In the -- and then the specifications which were added later in the Circuit Court, they specified some I think 16 items in the letter that they said were false.
Justice Hugo L. Black: Do I understand you to say that the School Board held all of the charges were true?
Mr. John Ligtenberg: Well, they held the charges are true and they said that letters in this -- the statements in the letter are false.
Justice Hugo L. Black: The statements in the letter were false?
Mr. John Ligtenberg: That's right, they have isolated I think some 16 statements that they said were false.
Now, that was substantially upheld by the Circuit Court of Will County.
It was substantially upheld also --
Justice William J. Brennan: Was that a hearing de novo or was that just a --
Mr. John Ligtenberg: No Your Honor, it is not a hearing de novo.
Justice William J. Brennan: Treated as if but were just a review of an administrative agency determination?
Mr. John Ligtenberg: It goes up on the record, yes, on the transcript and on the documents.
Justice William J. Brennan: But there's no hearing de novo on the record.
Mr. John Ligtenberg: No, there is not Your Honor, that -- the statute --
Justice William J. Brennan: Now did the -- the Supreme Court of Illinois file an opinion in this case?
Mr. John Ligtenberg: Yes Your Honor, there were two opinions filed.
The -- and that is -- those are also of course in the volume one of the appendix --
Justice William J. Brennan: Don't bother, I can find these?
Mr.
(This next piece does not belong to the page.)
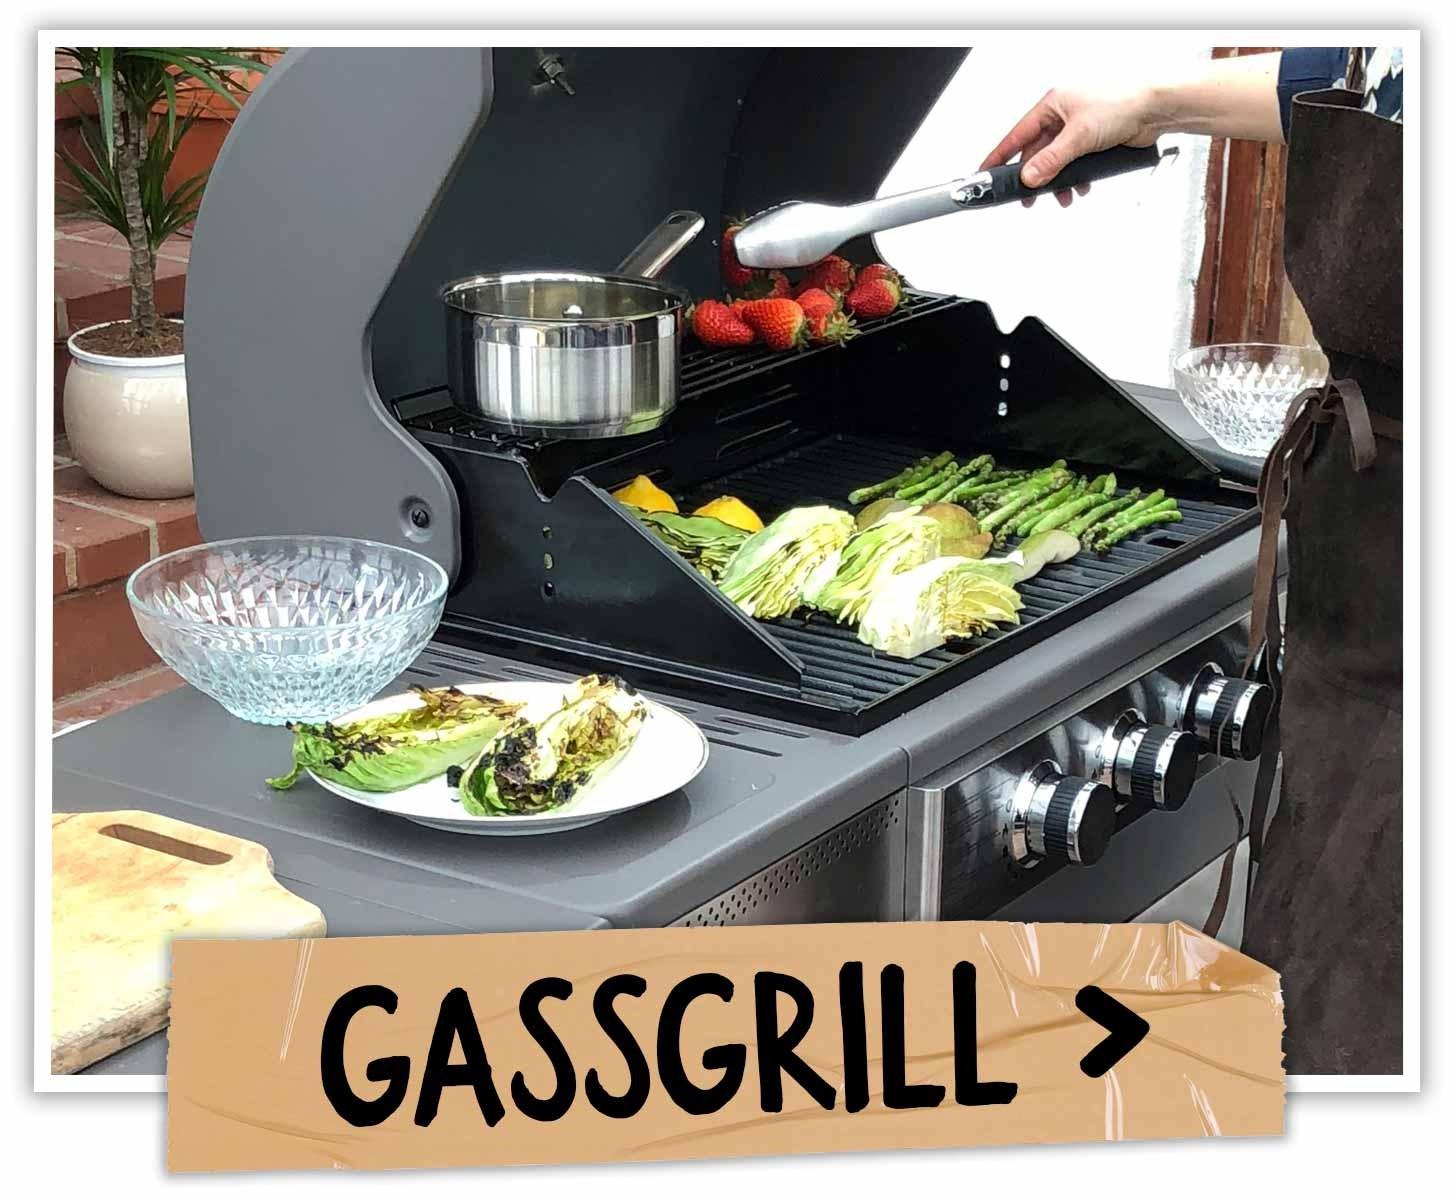 Grillskole - Gassgrill
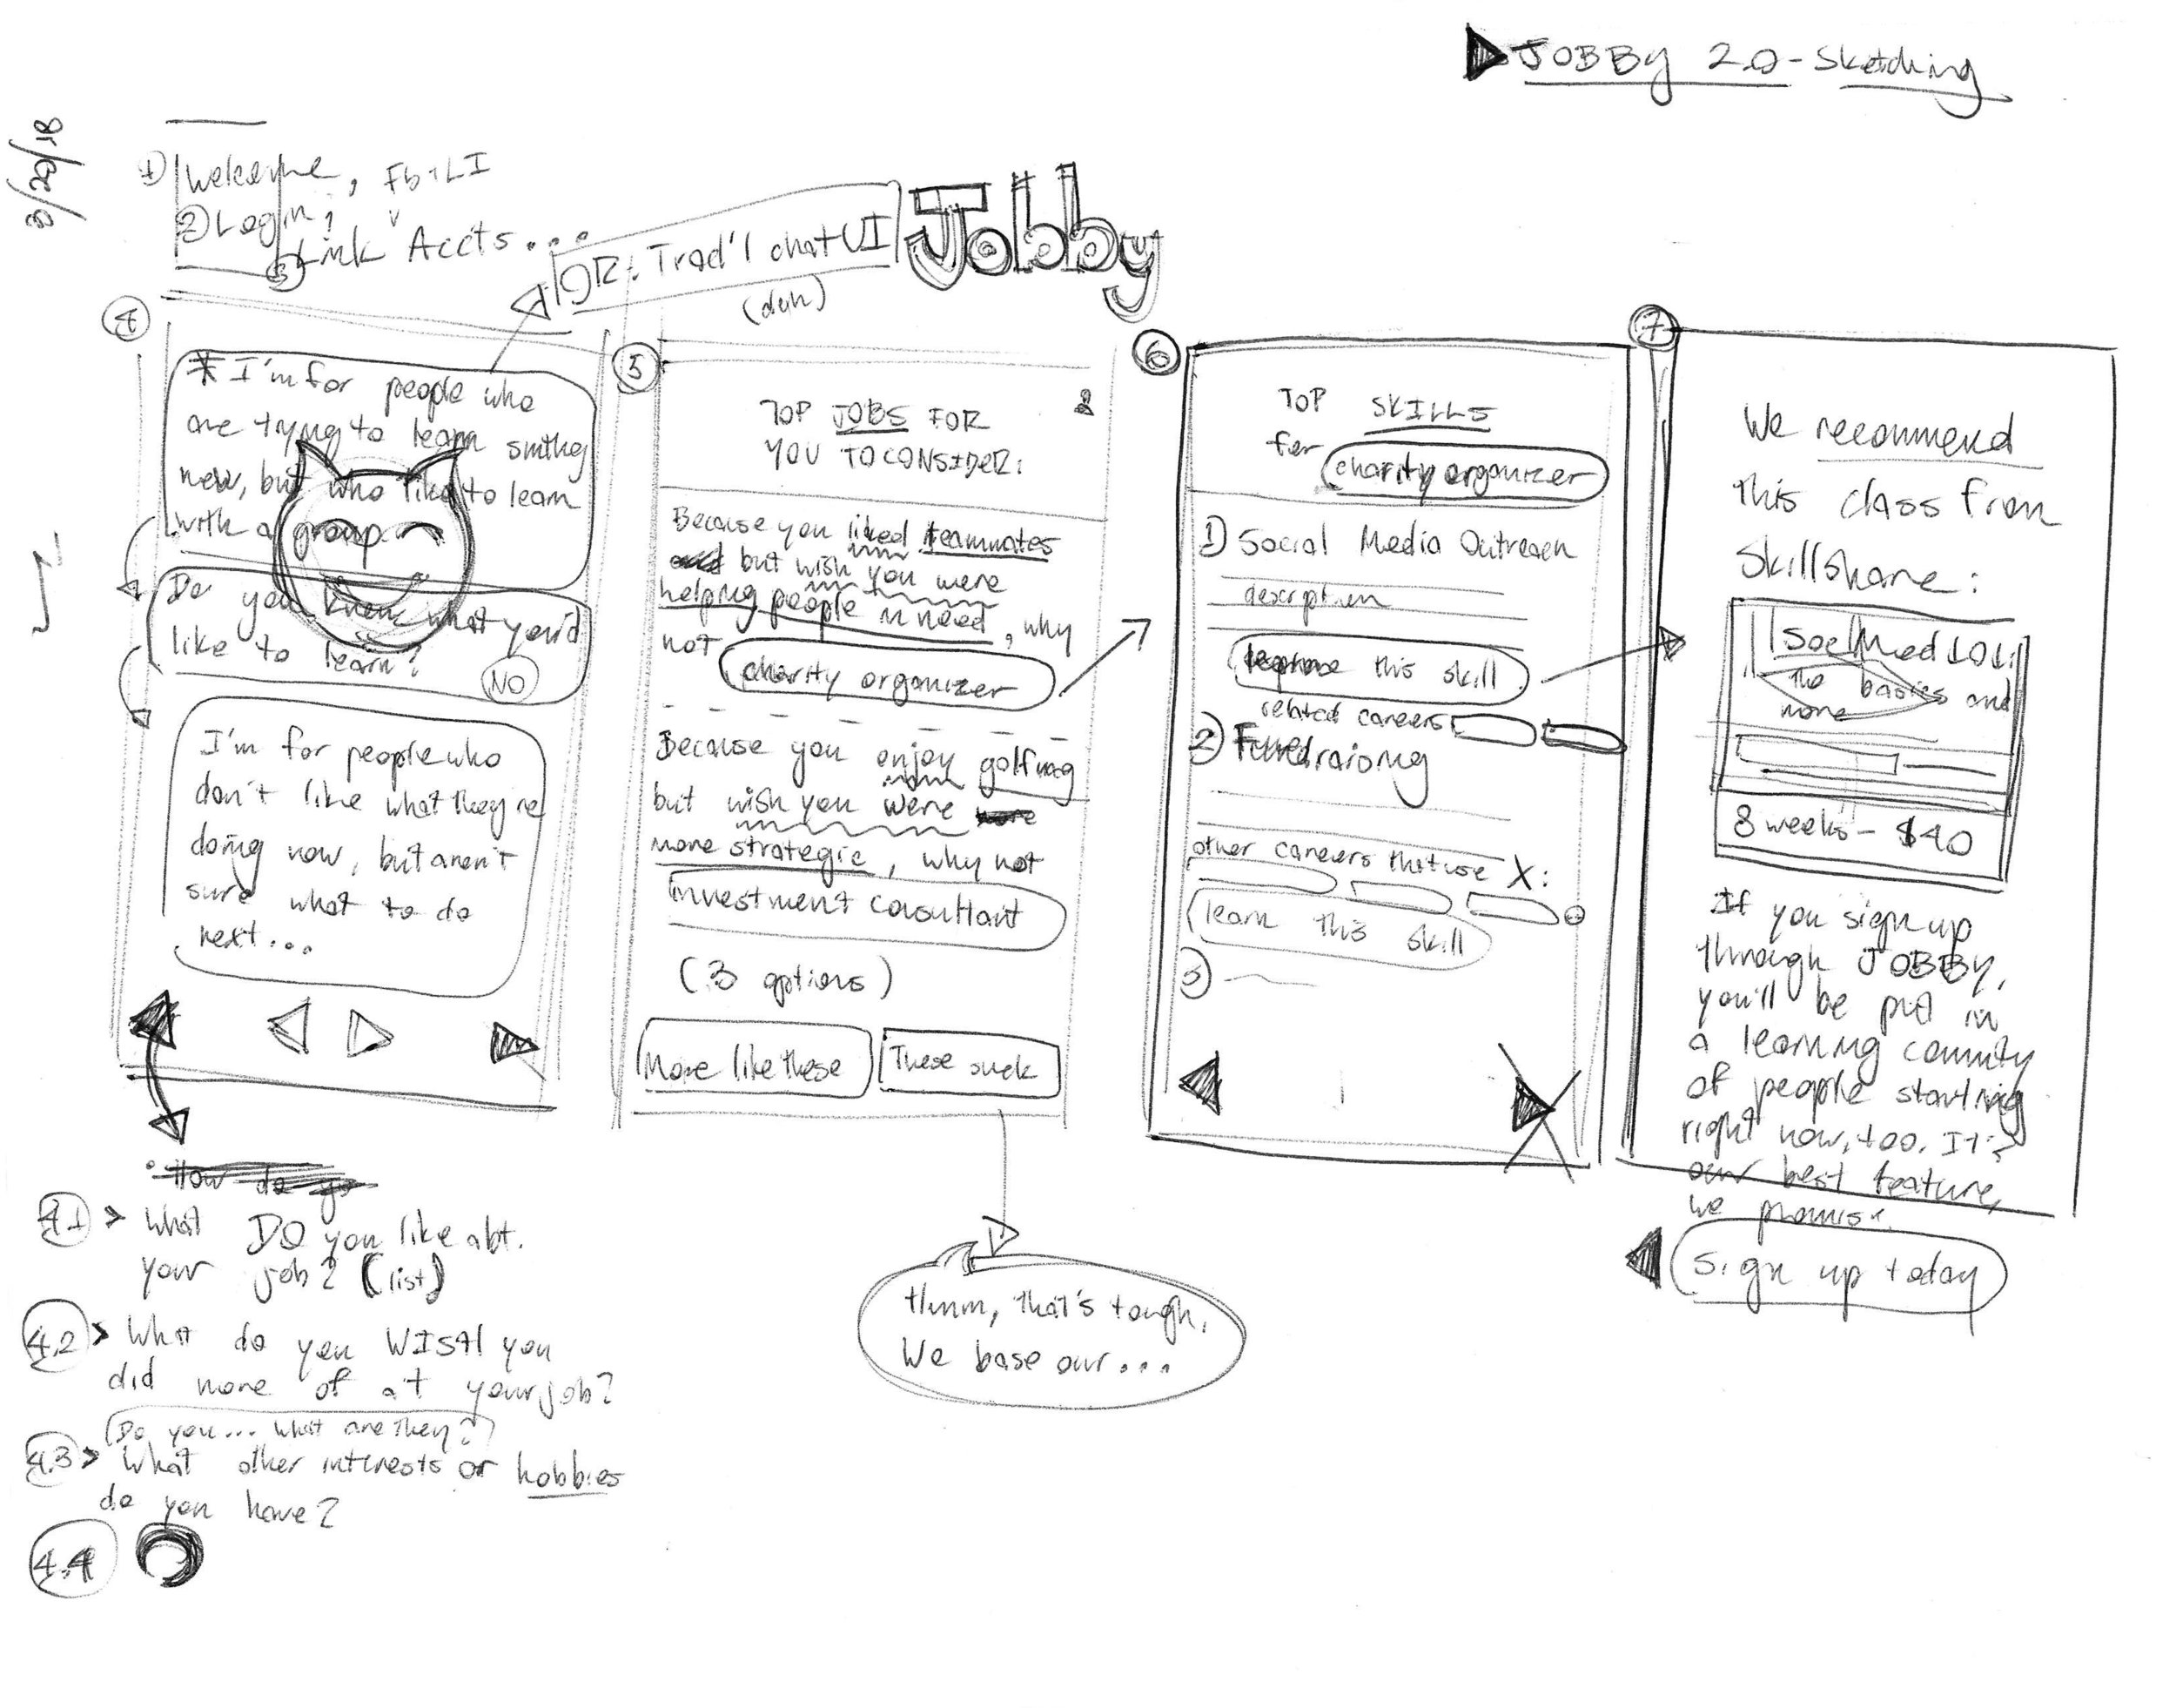 Classmates - Page 1.jpg

John Ligtenberg: They're on page 134, the first one is, and then the next one is just following.
The Supreme Court of Illinois upheld substantially that all these charges in their opinion had been substantially proved to be false.
That is the charge are proved to be true and the statements on the letter had been proved to be false possibly, with one exception.
The dissenting opinion filed in the Illinois Supreme Court took the opposite suit -- view.
There were five justices sitting when this case was heard in the Supreme Court of Illinois.
There were two vacancies at that particular time.
And two of those justices dissented and found that there -- in their opinion, on the testimony of Mr. Pickering at the trial, he had shown that he had reasonable grounds for believing all the statements that he made.
So that again, if it's question of truth or falsity and the effect falsity, we come back I think to very much a situation like there was in the New York Times case where he had -- for instance I'll take maybe the most controversial one.
He said that the Board spent some $200,000.00 a year on athletics.
In order to make up that total at the hearing he had scrounge and he had found some $170,000.00 of athletic expenses then he listed at the hearing maybe a half a dozen or more areas of expenditures that he hadn't been able to locate yet and didn't know how much they were.
It was pointed out by the Board, at its side of the case that about $111,000.00 of that was capital expenditure and perhaps not be -- would not be a reoccurring and yet he came as we thought and as apparently the dissenting justices of the Supreme Court thought close enough to proving his round figure.
There were other similar charges, money spent.
Mr. Pickering took -- he seems to follow the idea that he knew what was wrong.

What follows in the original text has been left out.